Arme, geplagte Norma! Einen Arbeitsplatz nach dem anderen verliert sie, gegen ihre Dauerübelkeit muss sie Medikamente nehmen, mit starken Beruhigungsmitteln versucht sie sich einigermaßen auf seelischer Normaltemperatur zu halten und nimmt zudem Zuflucht zu alkoholischen Getränken. Einzig ihre Mutter, die auf Normas Ernährung achtet und sie mit Nahrungsergänzungsmitteln füttert (was wiederum mit der Qualitätssteigerung ihrer Haare zu tun hat), gibt ihr Halt.

Wenn die Heldin Bedrohliches wahrnimmt, kringelt ihr Schopf unter dem Turban heraus

Doch dann springt Anita, die zuletzt doch so heiter und optimistisch gestimmt war, am Morgen nach einer Thailand-Reise vor die U-Bahn - Norma durchstöbert ihre Recherchen und Aufzeichnungen und findet heraus, dass der Lambert-Clan seine Hände im Spiel hatte. Schritt für Schritt deckt sie nicht nur ihre eigene Familiengeschichte sowie die Geschichte von Anitas angeblich verrückt gewordener bester Freundin Helena auf (die wiederum die erste Ehefrau des Gangsters Lambert war, Mutter von Alvar und Marion). Sie stößt auch noch darauf, dass Anita Normas Haare als angeblich ukrainisches Extension-Material in "Virgin Remy"-Qualität an "Haarzauber" verkauft und sich so für die Lamberts unentbehrlich gemacht hat. Bis sie sich zusammen mit Marion hinter dem Rücken des Clans auf eigene Großverdienerfüße zu stellen versuchte und vor die U-Bahn fiel.

Wer noch nichts von Elizabeth Siddal, dem durch ultralang und üppig herabfließendes kupferrotes Haar hervorstechenden Lieblingsmodell der Präraffaeliten gehört hat, kann hier alles über sie, ihren extremen Haarwuchs, ihr tragisches Ende und das legendäre Weiterwachsen ihrer Haare noch im Sarg erfahren - ein Stück Schauerromantik, das Sofi Oksanen bis in die Gegenwart hinein fortschreibt: Elizabeth Siddal nämlich "war eine wie Norma gewesen", verdammt zu einem Dasein zwischen Freak und Muse, genauso wie Normas Urgroßmutter.

Haare und vermietete Gebärmütter, Mord und Totschlag allerorten und schließlich Normas Liebe zu Alvar, der sich als neuer Obergangster etabliert: Einigermaßen haarsträubend ist das alles.

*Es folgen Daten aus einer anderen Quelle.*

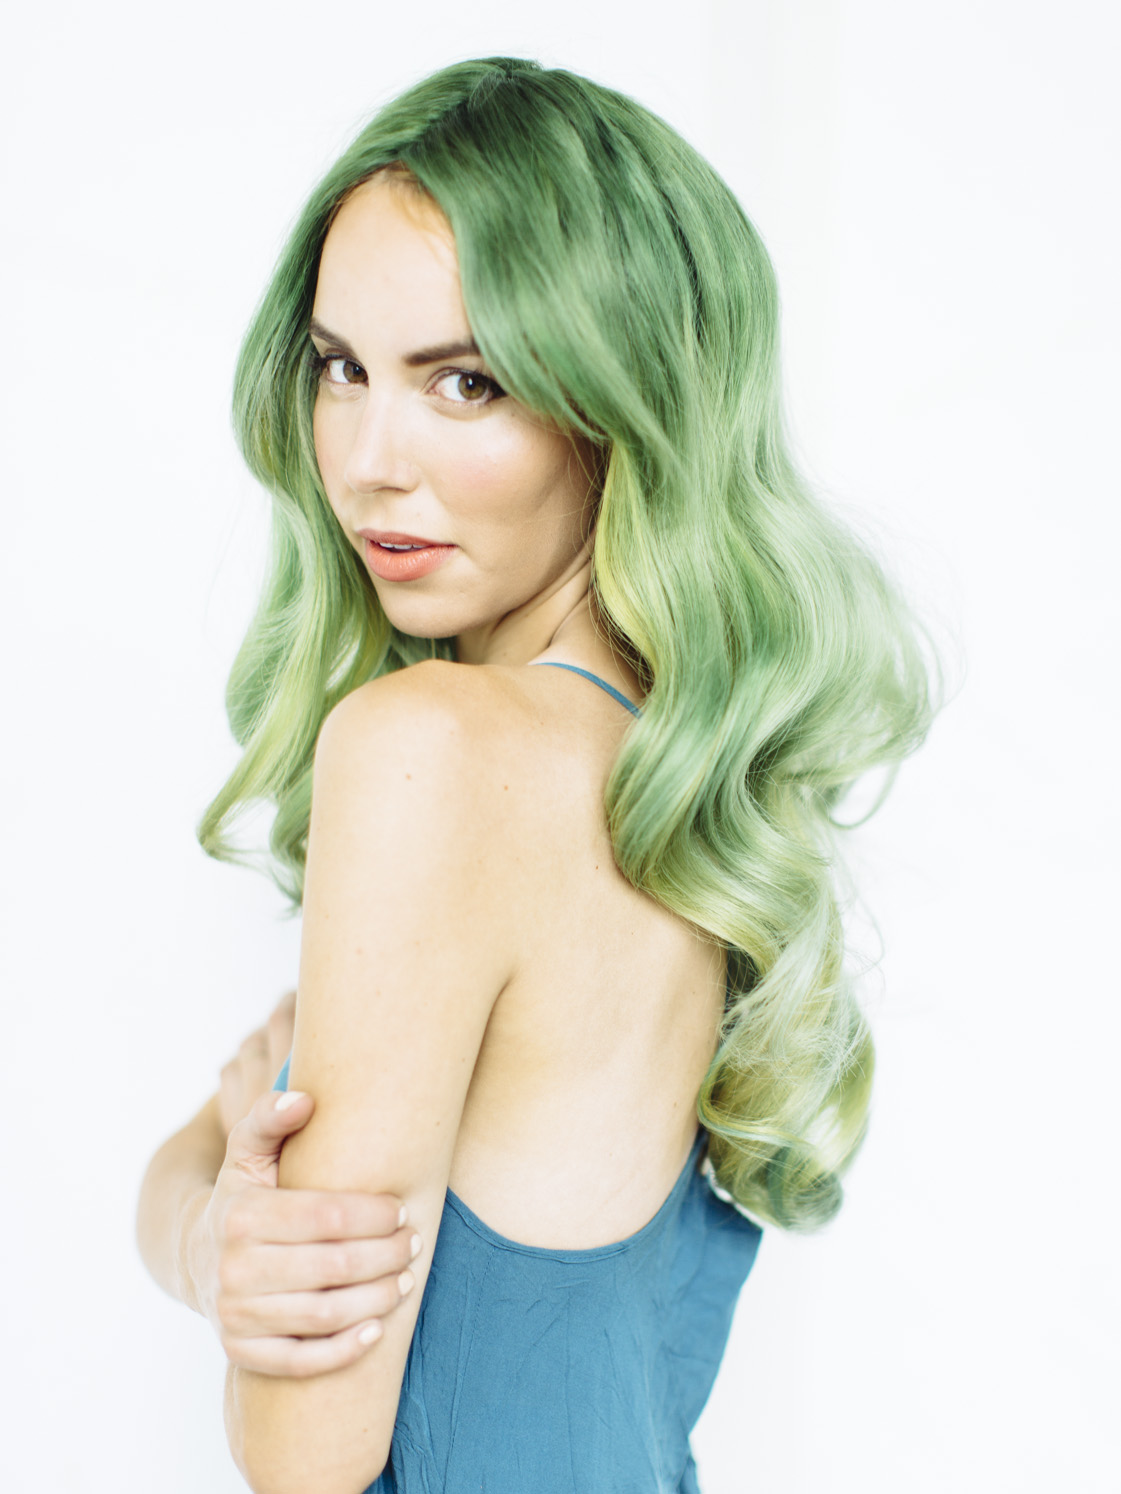 Aubrey Nelson, hair painter

Und doch liest man es, kopfschüttelnd und doch auf die nächste schockierende Wendung gespannt, mühelos bis zum Ende. Das liegt zweifellos an der entspannten Übersetzung von Stefan Moster. Ebenso aber daran, dass Sofi Oksanen selbst einen komplett abgedrehten Stoff mit Grusel-Extensions aller Art gut erzählen kann.